Artificial Intelligence
Aug 11, 2024
Will AI Take Over Data Analytics? Here’s Our Take

If you do data analysis for a living in some shape or form, you may be concerned about artificial intelligence and how it may shape your career in the future. Machine learning and tools such as ChatGPT have made it possible to quickly analyze large datasets and do data visualization.

At the same time, if you have a software product and hire data analysts, you may be wondering if these advancements and AI tools can fully replace data scientists and engineers in your team. After all, if AI can do the job for free or at a low cost, why pay six figures a year for data analyst jobs?

Today, we take a look at both sides and answer the question: will AI take over data analytics?

What can AI do in data analytics now?

AI has made it possible to automate many workflows and data science. Here is what AI in data analytics can do as of 2024:

In other words, these automation features can do a lot of the heavy lifting and eliminate manual tasks. But despite these technological advancements, the role of data analysts may be around for a while. Here is why.

What are things that AI cannot do?

AI is excellent at tackling some of the bigger tasks in data analysis. But if you want to make your next big strategic decision based on AI data analytics, you might want to hold off on that because these are some of the things AI cannot do.

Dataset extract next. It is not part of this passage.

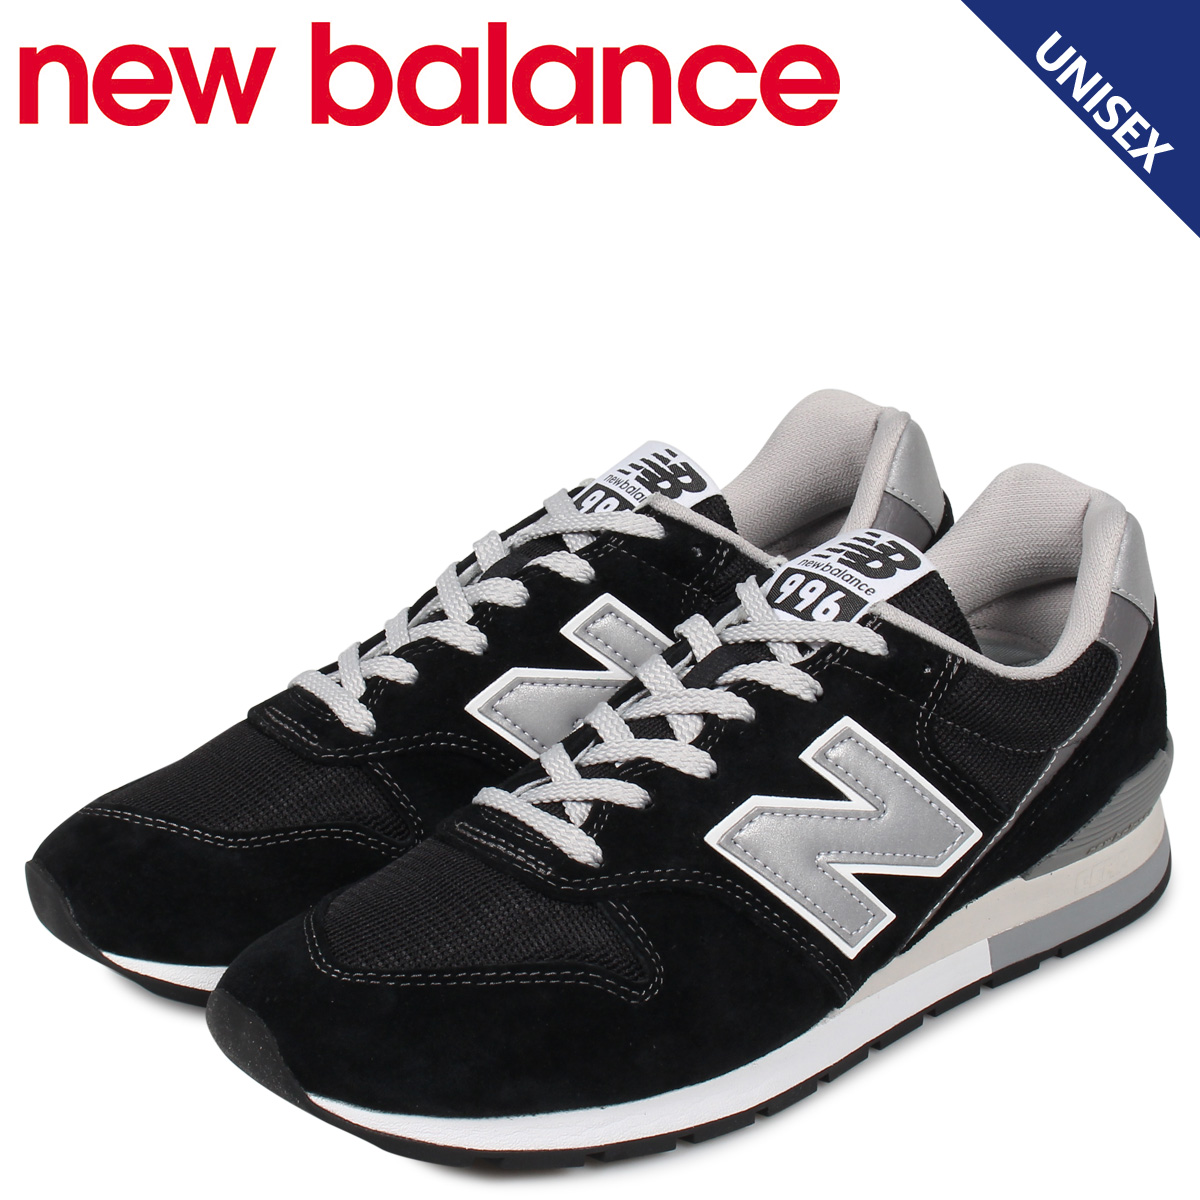 new balance 996 buy online

  • Contextual understanding
  • Creative problem-solving
  • Ethical judgment
  • Handling ambiguity in data
  • Explainability: being able to show how it derived certain conclusions
  • Adaptability to new situations
  • Building relationships with stakeholders in the team

In other words, the field of data analytics still needs the nuanced approach of data scientists, and not all of the work can be outsourced to AI tools.

Why AI will not take over data analytics

Generative AI can do quite a lot, but it’s far from a place where it can replace human data analysts. Here is why we feel that way.

Most natural language processing interfaces are half-baked

There are many data analytics and visualization tools available that have natural language processing (NLP) capabilities. The idea is simple: any stakeholder in your company can type a question in plain English about the available datasets, and the AI algorithms produce an answer to that question, also in plain English.

In theory, this makes it easy for everyone to make business decisions based on data because they can do basic data analysis just by asking questions. For example, they can do predictive analytics based on historical data.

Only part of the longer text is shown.